As for the DS spectral correction method, a subset of samples that represented the entire experimental dataset well was required to measure the difference in the response of spectra measured under different instruments. Also, too few or too many samples in the transfer set can lead to under or over fitting, this implies that the predictive power of the model has not improved in terms of precision. So, further investigation with more samples in the calibration set or exploring another way to optimize the parameters is necessary for reliable use of the proposed method. The better performance of the slave instrument compared to the master instrument in some of the models transferred is consistent with the previous literature [20, 25, 58].

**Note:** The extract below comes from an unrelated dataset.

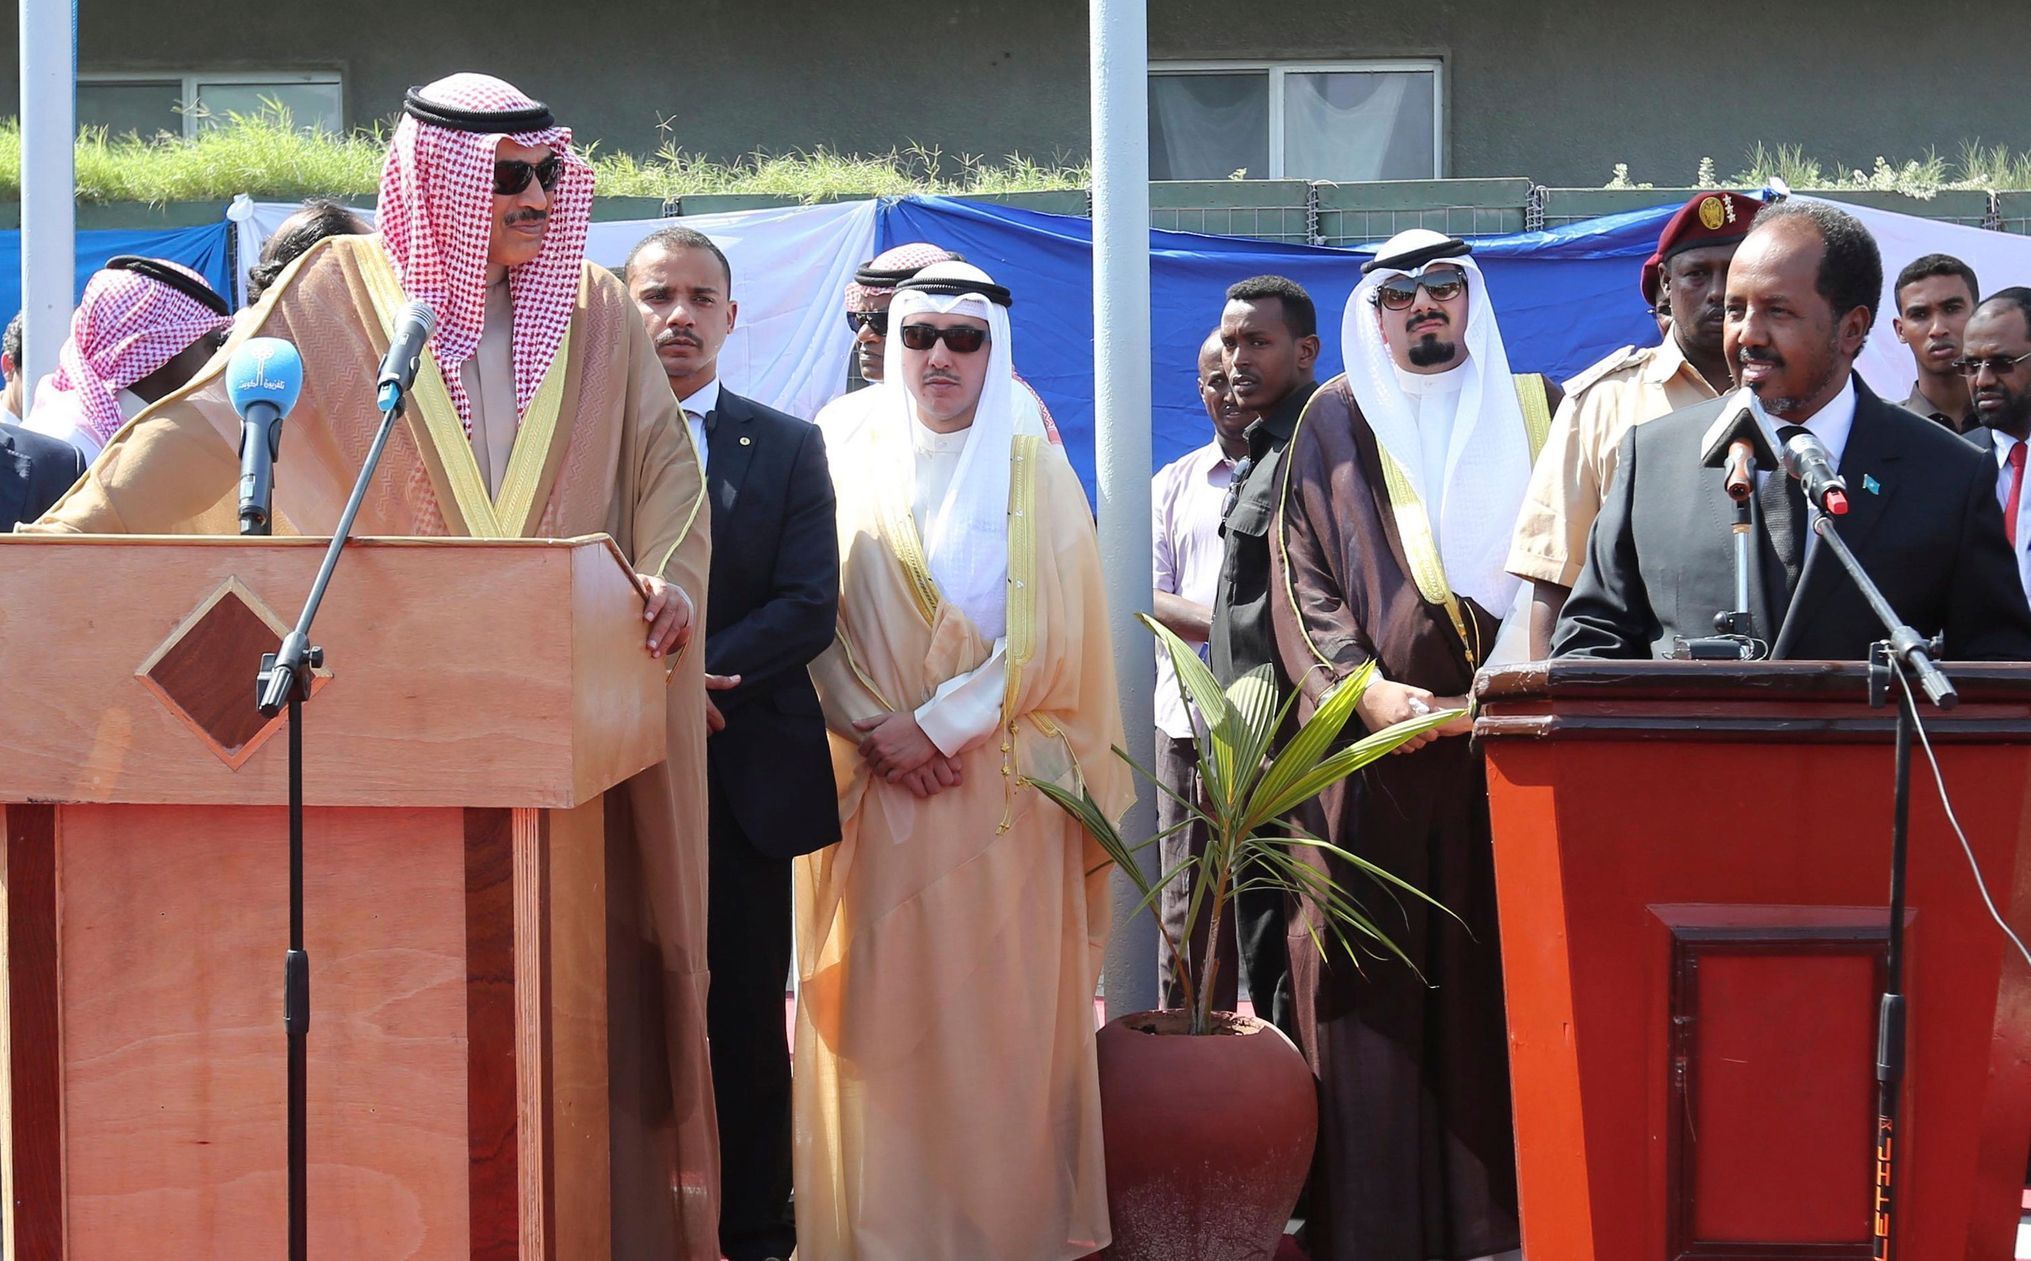 Somálský prezident Hassan Sheikh Mohamoud (vpravo) s kuvajtským minitrem zahraničí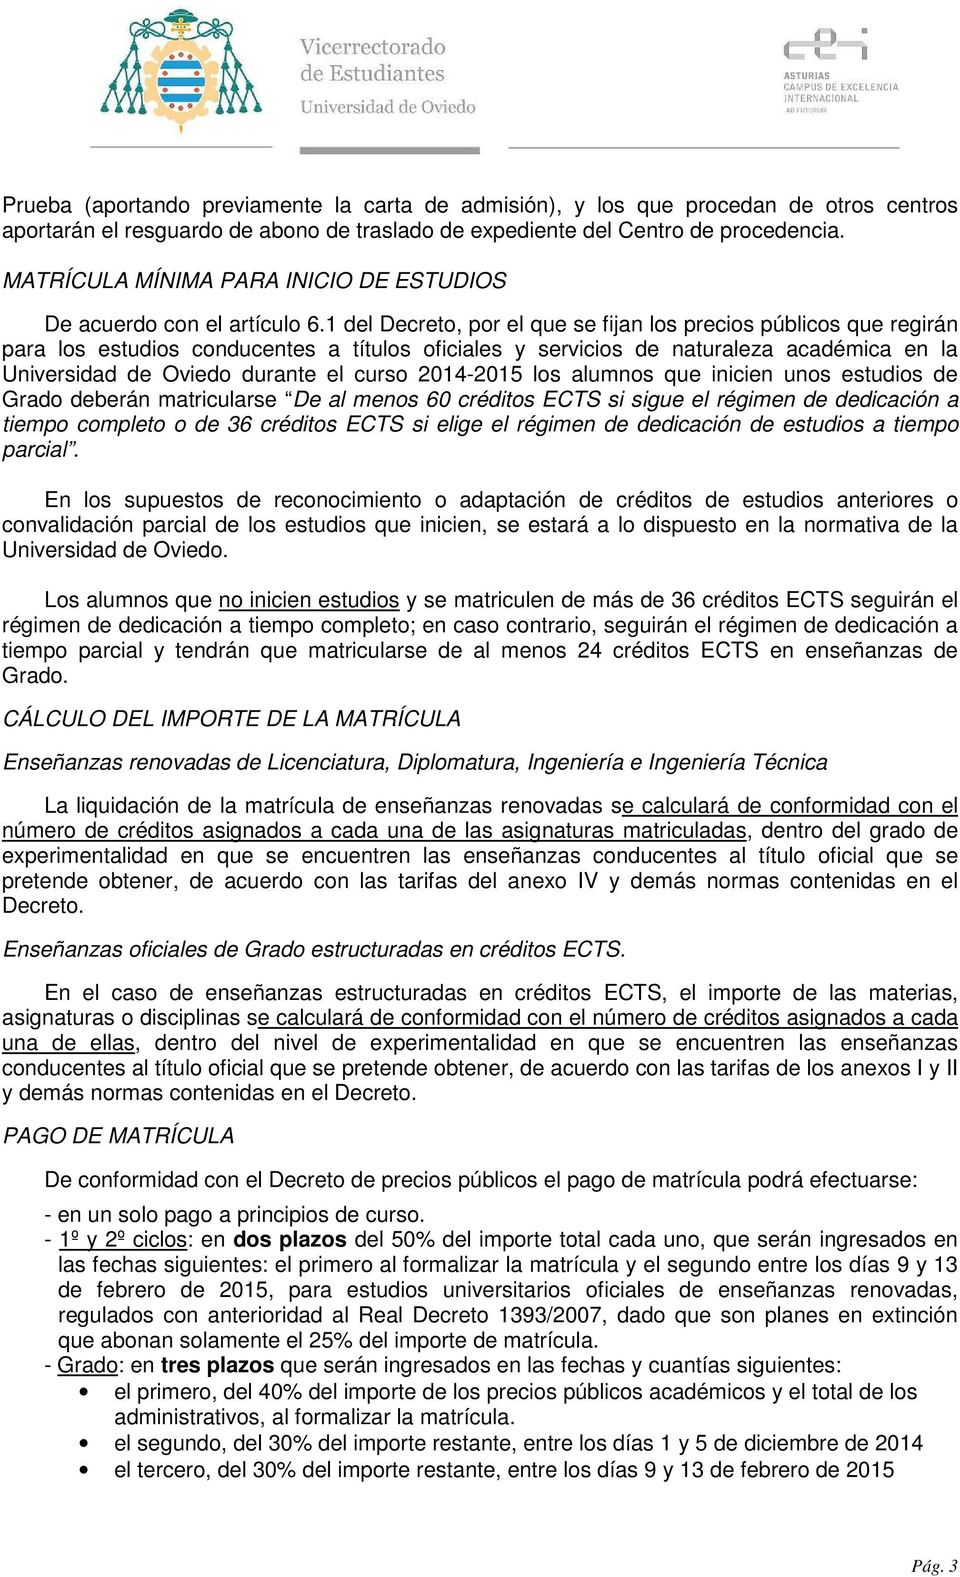 1 del Decreto, por el que se fijan los precios públicos que regirán para los estudios conducentes a títulos oficiales y servicios de naturaleza académica en la Universidad de Oviedo durante el curso

The mean and variance of the actual and predicted value of photosynthetic pigment in four leaves of the same leaf location were calculated, as shown in Fig. 6. As can be seen from the Fig. 6, the trend of the actual value of photosynthetic pigment increase firstly and then decrease, this is consistent with the finding of Vicente et al. . The concentration of pigments at the first leaf position is low due to poor photosynthesis. The level of photosynthetic pigments increases with an increase in leaf position (age) and growing leaves. The photosynthesis rate reaches the highest value when the leaves are mature (third leaf position), and then decreases substantially during senescence due to weakening in the ability of photosynthetic enzyme expression . The result show that the model established in this paper also has a prospect in the study of the leaf position and leaf age.